* _What you should do_:
Your answer must be the full listing, word for word, with no images in it.

* _Available data_:
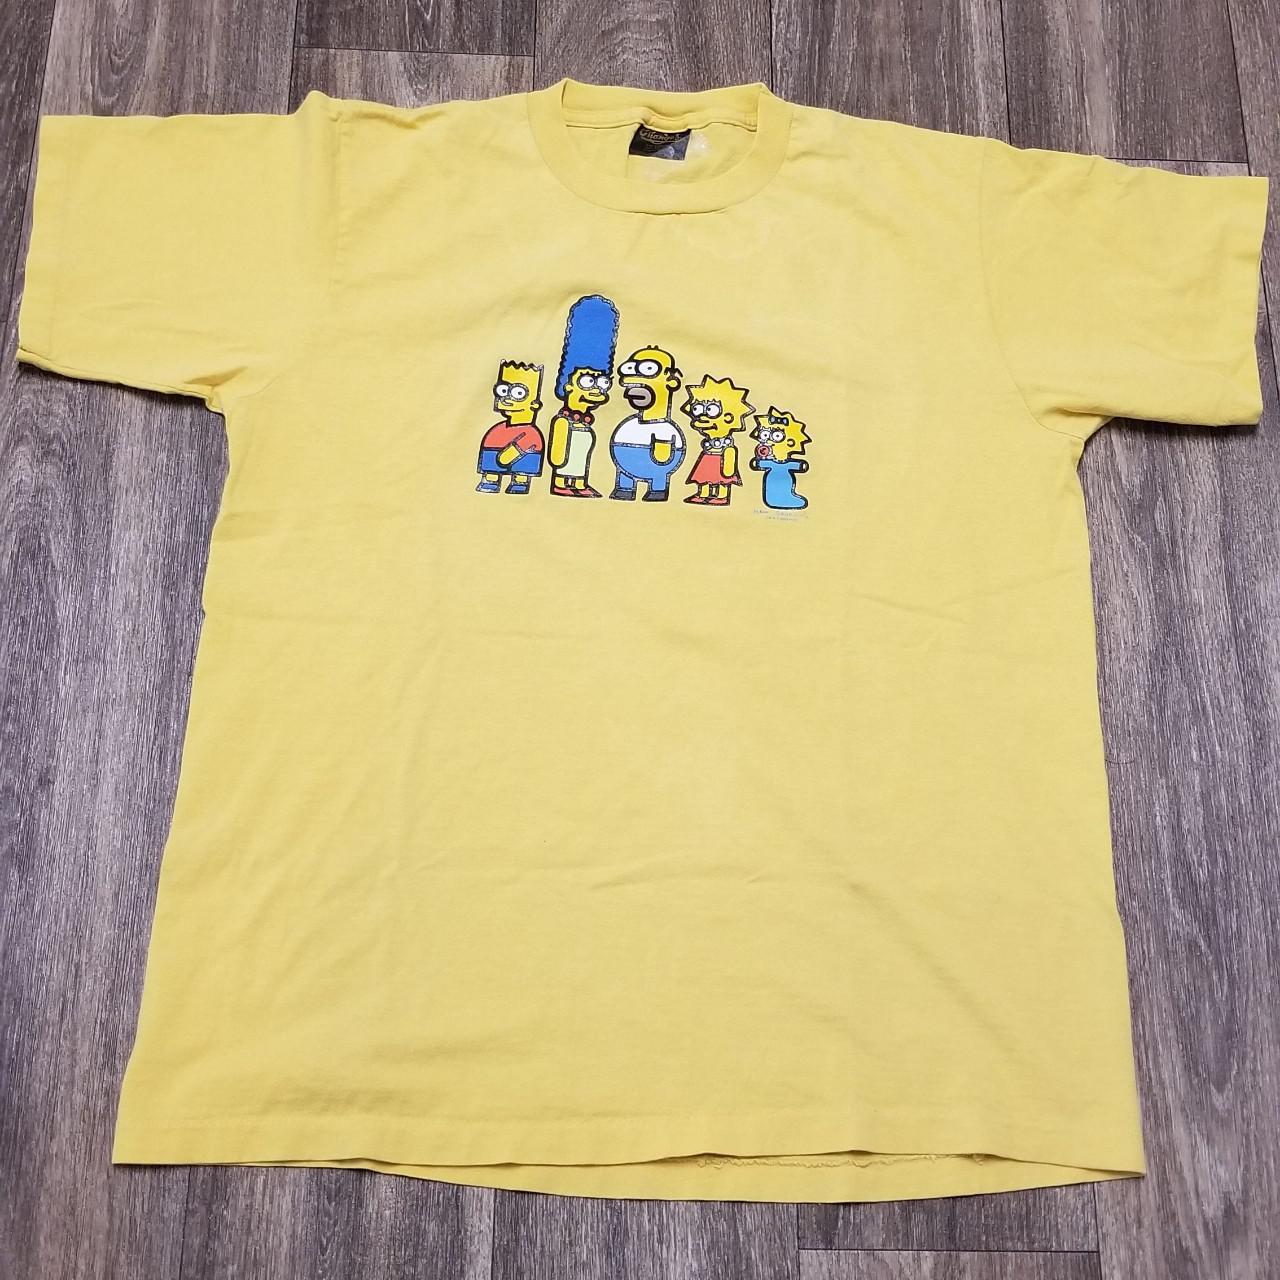 Product Image 1 - nearly vintage 2002 simpsons
slight discoloration
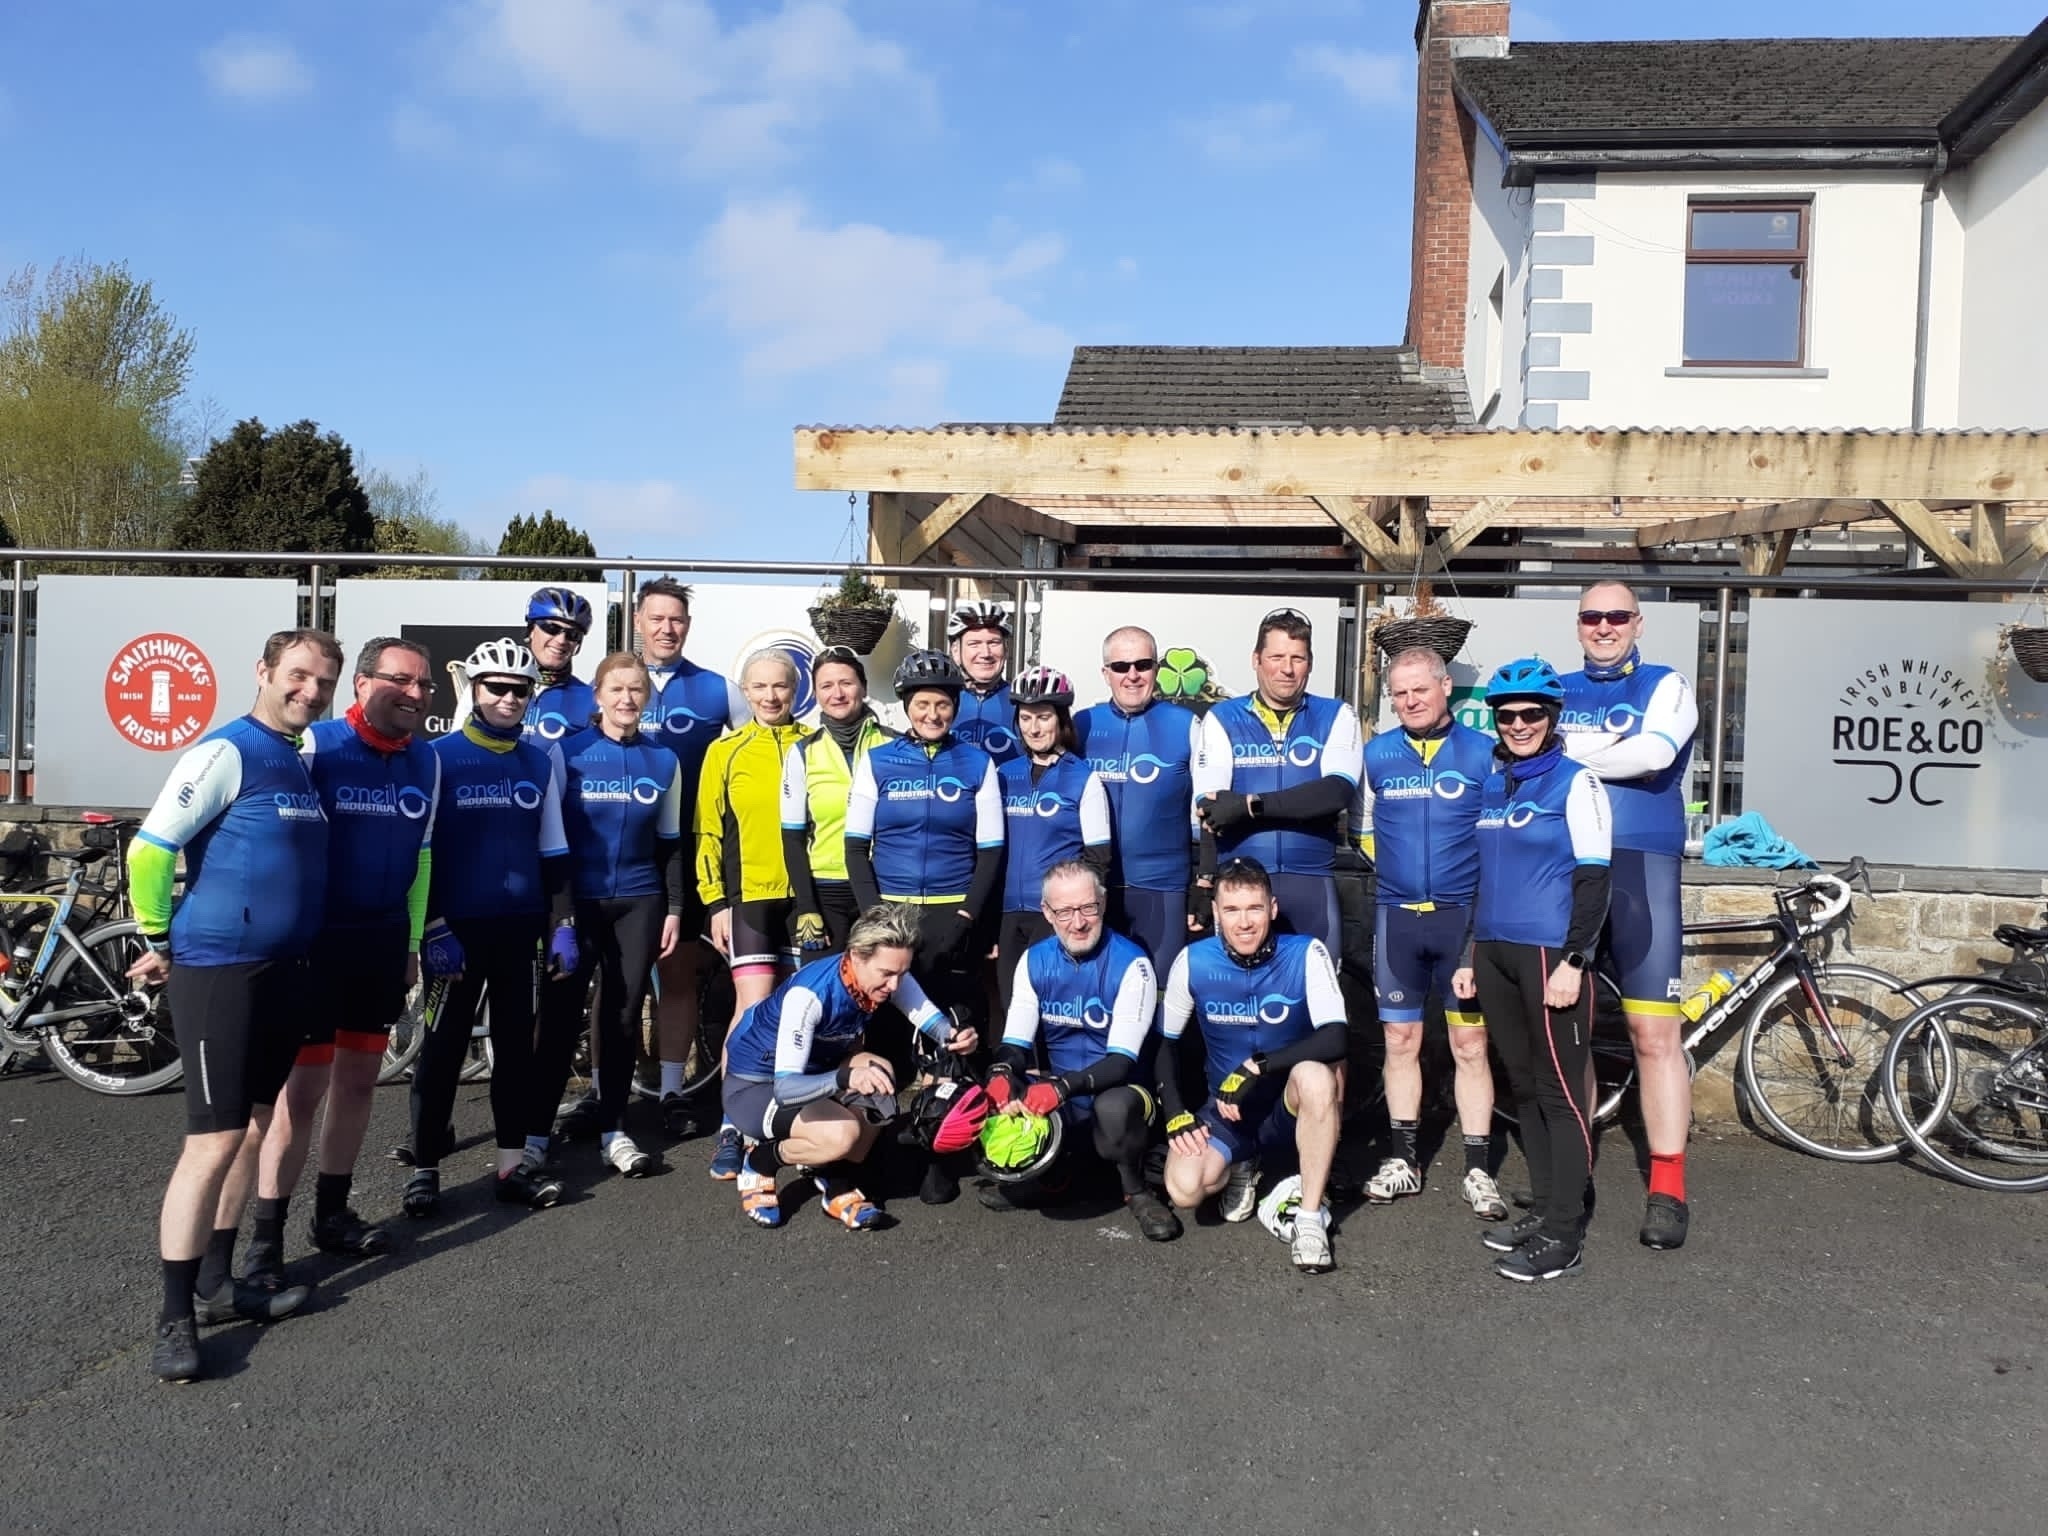 O Neill Industrial Charity - Group Of Cyclists partaking in the Charity Cycle.

* _Result for this task_:
 Product Image 1 - nearly vintage 2002 simpsons
slight discoloration
 O Neill Industrial Charity - Group Of Cyclists partaking in the Charity Cycle.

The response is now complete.